I have following code to accomplish prefix sum task:
#include <iostream>
#include<math.h>
using namespace std;
int Log(int n){
int count=1;
while (n!=0){
n>>=1;
count++;
}
return count;
}
int main(){
int x[16]={39,21,20,50,13,18,2,33,49,39,47,15,30,47,24,1};
int n=sizeof(x)/sizeof(int );
for (int i=0;i<=(Log(n)-1);i++){
for (int j=0;j<=n-1;j++){
if (j>=(std::powf(2,i))){
int t=powf(2,i);
x[j]=x[j]+x[j-t];
}
}
}
for (int i=0;i<n;i++)
cout<<x[i]<< " ";
return 0;
}
From this wikipedia page
but i have got wrong result what is wrong? please help
I’m not sure what your code is supposed to do but implementing a prefix sum is actually pretty easy.
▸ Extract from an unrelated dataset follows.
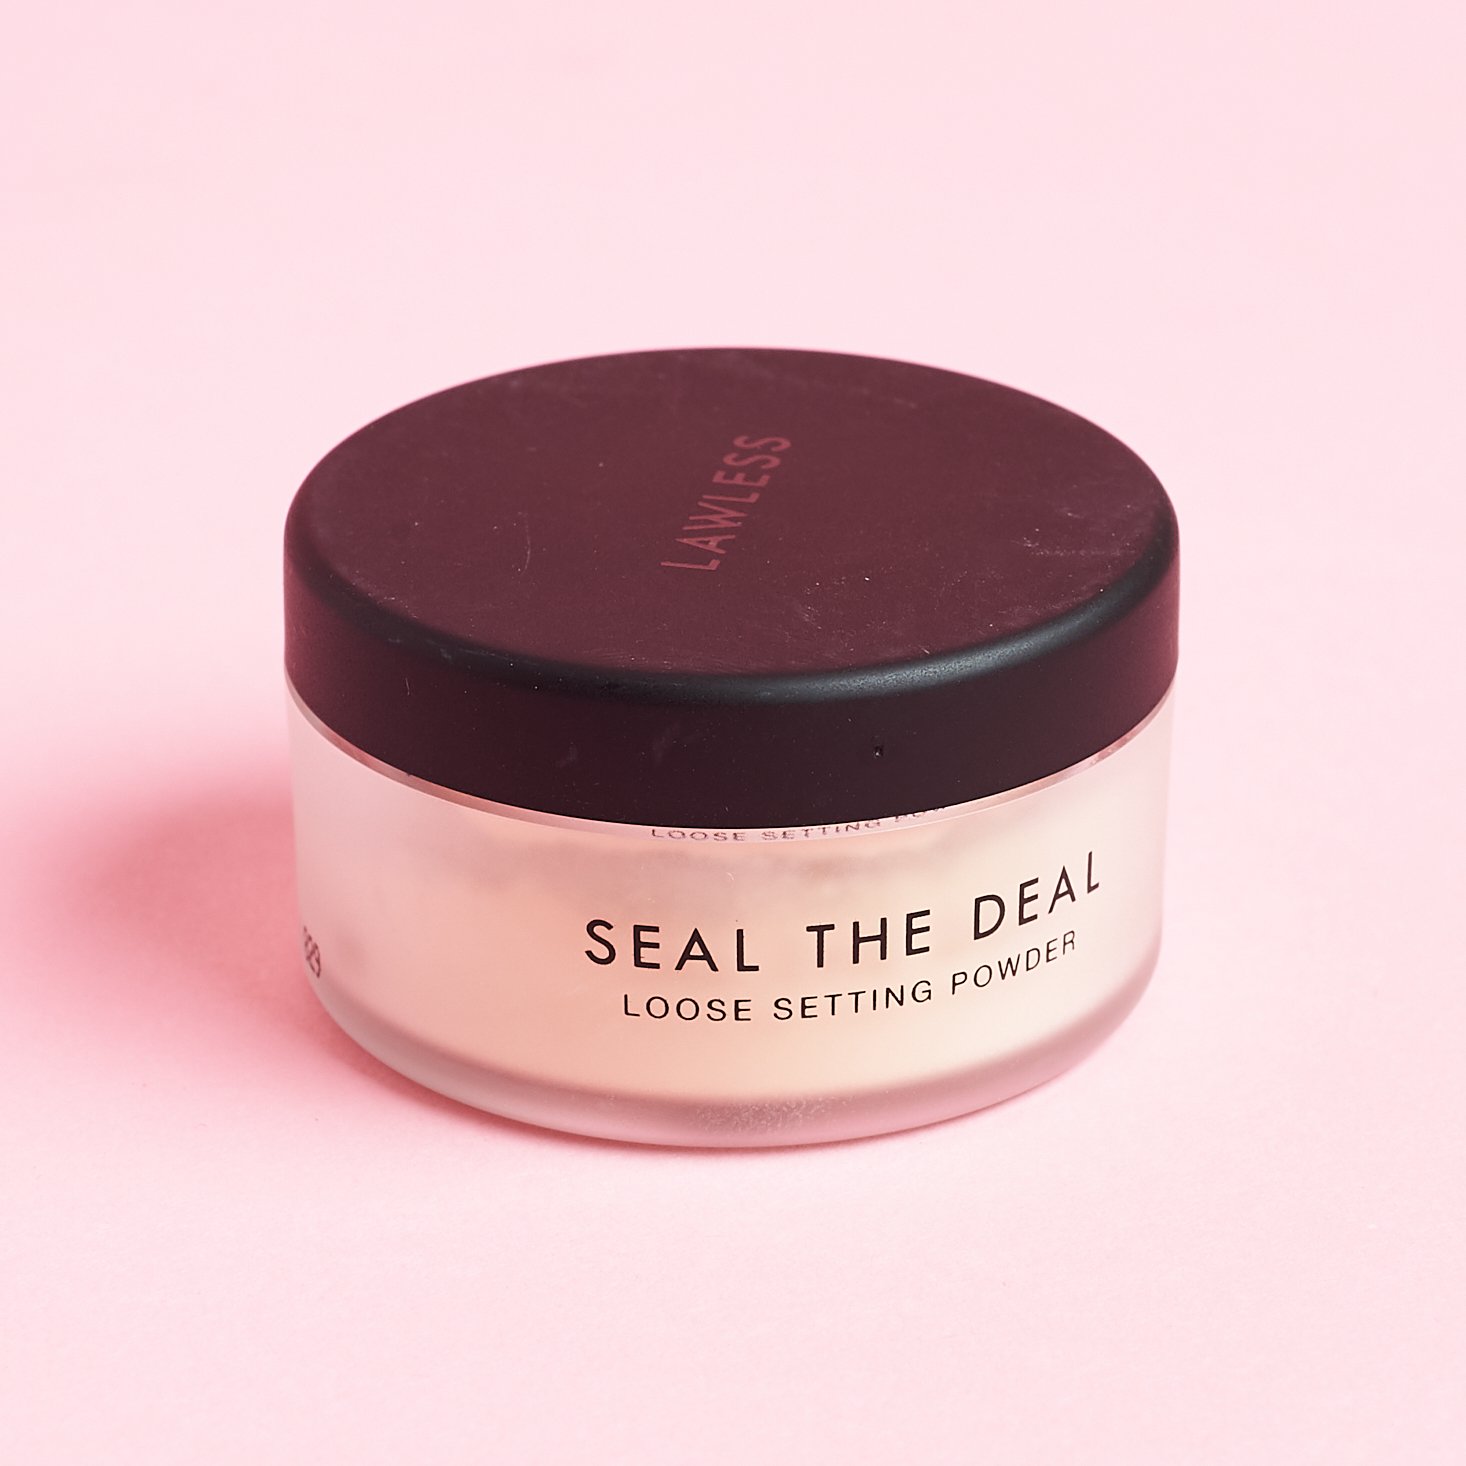 LAWLESS Seal The Deal Loose Setting Powder in Classic Translucent

For example, this calculates the (exclusive) prefix sum of an iterator range using an arbitrary operation:
template <typename It, typename F, typename T>
inline void prescan(It front, It back, F op, T const& id) {
if (front == back) return;
typename iterator_traits<It>::value_type accu = *front;
*front++ = id;
for (; front != back; ++front) {
swap(*front, accu);
accu = op(accu, *front);
}
}
This follows the interface style of the C++ standard library algorithms.
To use it from your code, you could write the following:
prescan(x, x + n, std::plus<int>());
Are you trying to implement a parallel prefix sum? This only makes sense when you actually parallelize your code. As it stands, your code is executed sequentially and doesn’t gain anything from the more complex divide and conquer logic that you seem to employ.
Furthermore, there are indeed errors in your code. The most important one:
for(int i=0;i<=(Log(n)-1);i++)
Here, you’re iterating until floor(log(n)) - 1. But the pseudo-code states that you in fact need to iterate until ceil(log(n)) - 1.
Furthermore, consider this:
for (int j=0;j<=n-1;j++)
This isn’t very usual. Normally, you’d write such code as follows:
for (int j = 0; j < n; ++j)
Notice that I used < instead of <= and adjusted the bounds from j - 1 to j. The same would hold for the outer loop, so you’d get:
for (int i = 0; i < std::log(n); ++i)
Finally, instead of std::powf, you can use the fact that pow(2, x) is the same as 1 << x (i.e. taking advantage of the fact that operations base 2 are efficiently implemented as bit operations). This means that you can simply write:
if (j >= 1 << i)
x[j] += x[j - (1 << i)];
I think that std::partial_sum does what you want
http://www.sgi.com/tech/stl/partial_sum.html
The quickest way to get your algorithm working: Drop the outer for(i...) loop, instead setting i to 0, and use only the inner for (j...) loop.
int main(){
...
int i=0;
for (int j=0;j<=n-1;j++){
if (j>=(powf(2,i))){
int t=powf(2,i);
x[j]=x[j]+x[j-t];
}
}
...
}
Or equivalently:
for (int j=0; j<=n-1; j++) {
if (j>=1)
x[j] = x[j] + x[j-1];
}
...which is the intuitive way to do a prefix sum, and also probably the fastest non-parallel algorithm.
Wikipedia's algorithm is designed to be run in parallel, such that all of the additions are completely independent of each other. It reads all the values in, adds to them, then writes them back into the array, all in parallel. In your version, when you execute x[j]=x[j]+x[j-t], you're using the x[j-t] that you just added to, t iterations ago.
If you really want to reproduce Wikipedia's algorithm, here's one way, but be warned it will be much slower than the intuitive way above, unless you are using a parallelizing compiler and a computer with a whole bunch of processors.
int main() {
int x[16]={39,21,20,50,13,18,2,33,49,39,47,15,30,47,24,1};
int y[16];
int n=sizeof(x)/sizeof(int);
for (int i=0;i<=(Log(n)-1);i++){
for (int j=0;j<=n-1;j++){
y[j] = x[j];
if (j>=(powf(2,i))){
int t=powf(2,i);
y[j] += x[j-t];
}
}
for (int j=0;j<=n-1;j++){
x[j] = y[j];
}
}
for (int i=0;i<n;i++)
cout<<x[i]<< " ";
cout<<endl;
}
Side notes: You can use 1<<i instead of powf(2,i), for speed. And as ergosys mentioned, your Log() function needs work; the values it returns are too high, which won't affect the partial sum's result in this case, but will make it take longer.